Among the greatest challenges facing writers is coming up and developing a fantastic story idea. The problem isn’t that writers have a shortage of ideas, just that many of them are not fantastic, as currently formulated in their head. They sense that and so sometimes face a mini-episode of writer’s block.
Being proactive, they turn to writing prompts – a single word, a phrase, a situation, or a picture – to spur their imagination, to inspire them. Often, writers find that while these prompts result in a lot of creative output, they still don’t result in a story that is publishable.
Why that is seems confusing. Our teachers from elementary through high school, maybe even in college, gave out writing prompts that almost always led to a flurry of words and a feeling of success. Sometimes our teachers’ positive response to what was written spurred us to write with even more vigor.
Recently while looking back at my own school-generated juvenalia for story ideas, I found it was unusable, not because it was bad (okay, it was bad though rescuable) but because it was based on pointless writing prompts – While digging in your backyard, you find a large box. What’s in the box? or You’re the first person to step foot on Mars. What do you see or experience?
Such prompts almost never lead to an actual story, as the prompt does not focus on what a story is about: resolving a conflict.
Conflict is the heart of every story
When telling a story, you’ve got to have conflict in it.

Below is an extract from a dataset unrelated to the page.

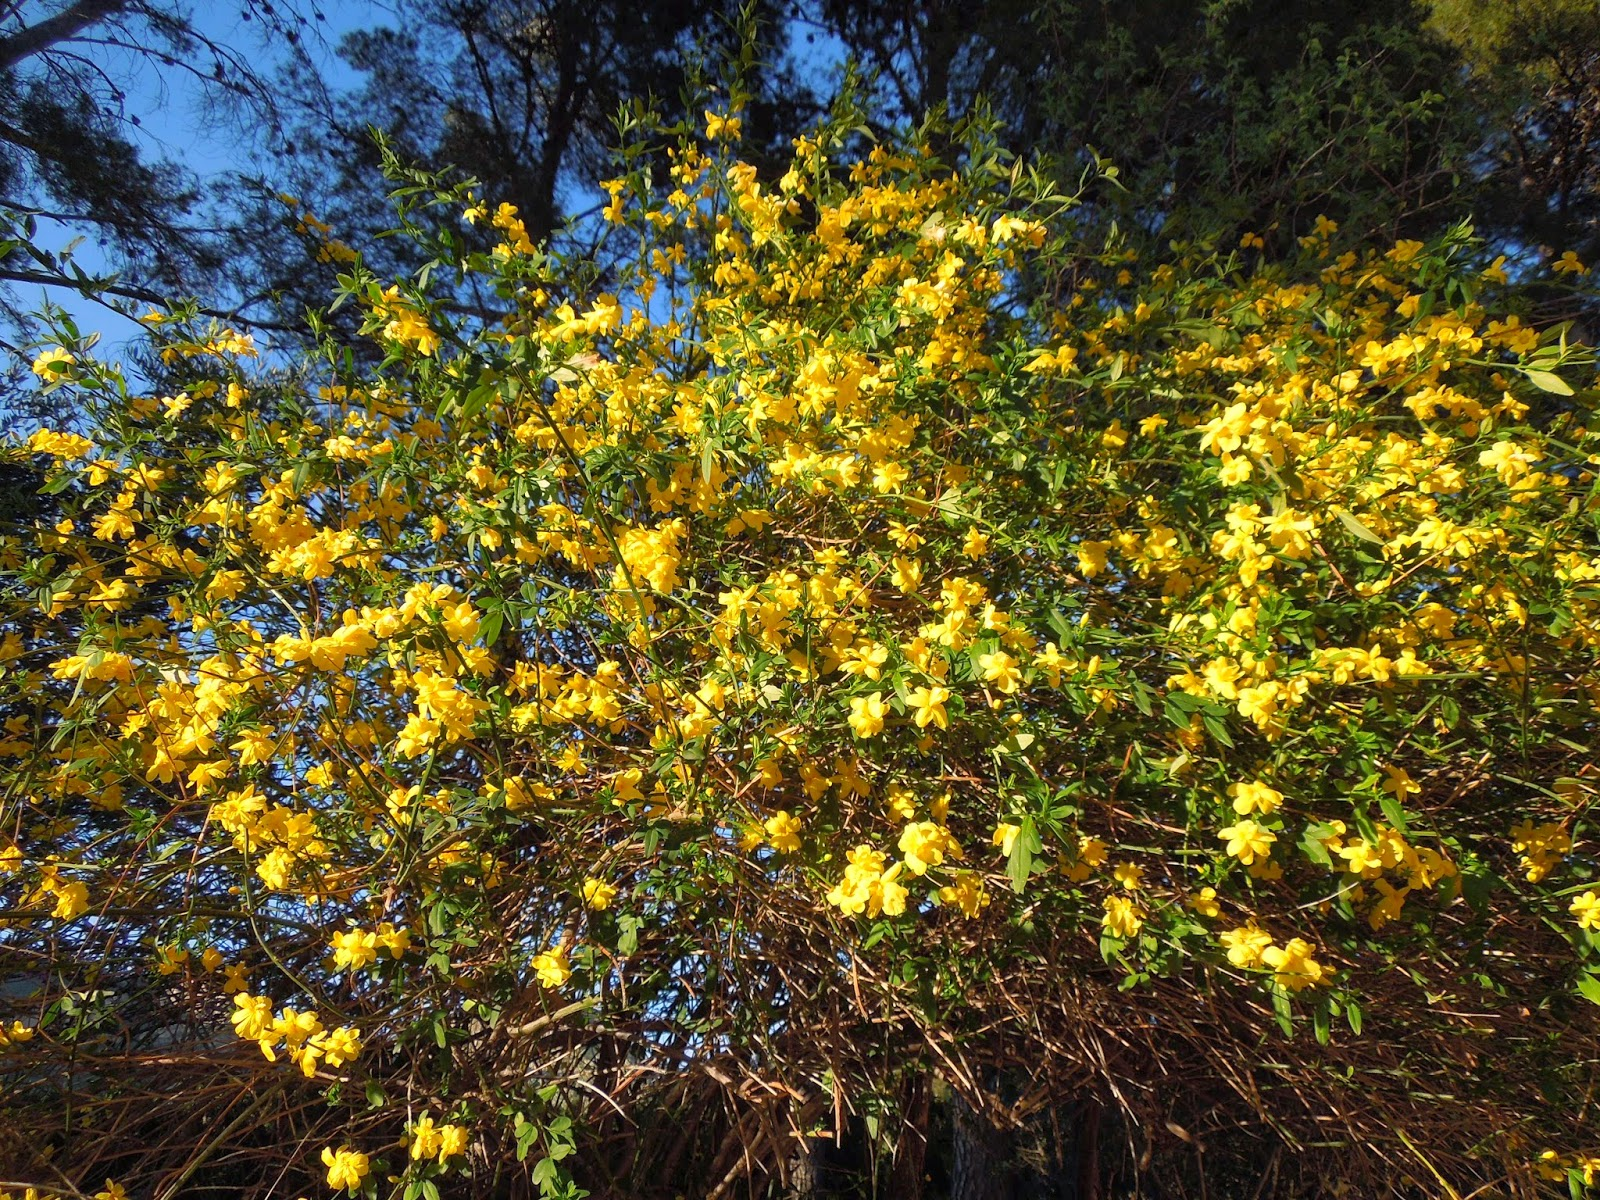 Marzo 2014 bot nic serrat - Arbusto pequeno con flores ...

If there’s no conflict, you have a wooden story that starts nowhere, leads nowhere, and ends nowhere. As E.M. Forster noted, “‘The king died, then the queen died’ is a plot. ‘The king died, then the queen died of grief’ is a story.”
Forster’s quotation is apt because a good plot is about at least one character under adversity. Conflict typically arises from the characters’ perceptions, needs and wants. As each character has an urgent personal agenda, your plot really is a synthesis of its individual characters’ efforts to achieve their agendas. Hence, Odysseus must get home but the gods don’t want him to. Hamlet must be absolutely certain his uncle killed the king but self-doubt gets in his way. Luke Skywalker must save a princess but stormtroopers are after him. Those are stories.
The aforementioned writing prompts easily could have led to stories if only they were restructured so that they focused on conflict. For example, While digging in your backyard, you find a small box containing your mother’s diary, which reveals the dad who raised you really isn’t your father. How do you go about determining the truth? How does this alter your perception of your parents? How do you find peace with your parents and yourself at this news? Or Your ship crashes on Mars so that you have no way to return home. How do you survive until a rescue can be mounted?
A variety of writing prompts based on conflict are available at this blog. Peruse through them, pick one that you find interesting, and start writing. Good luck!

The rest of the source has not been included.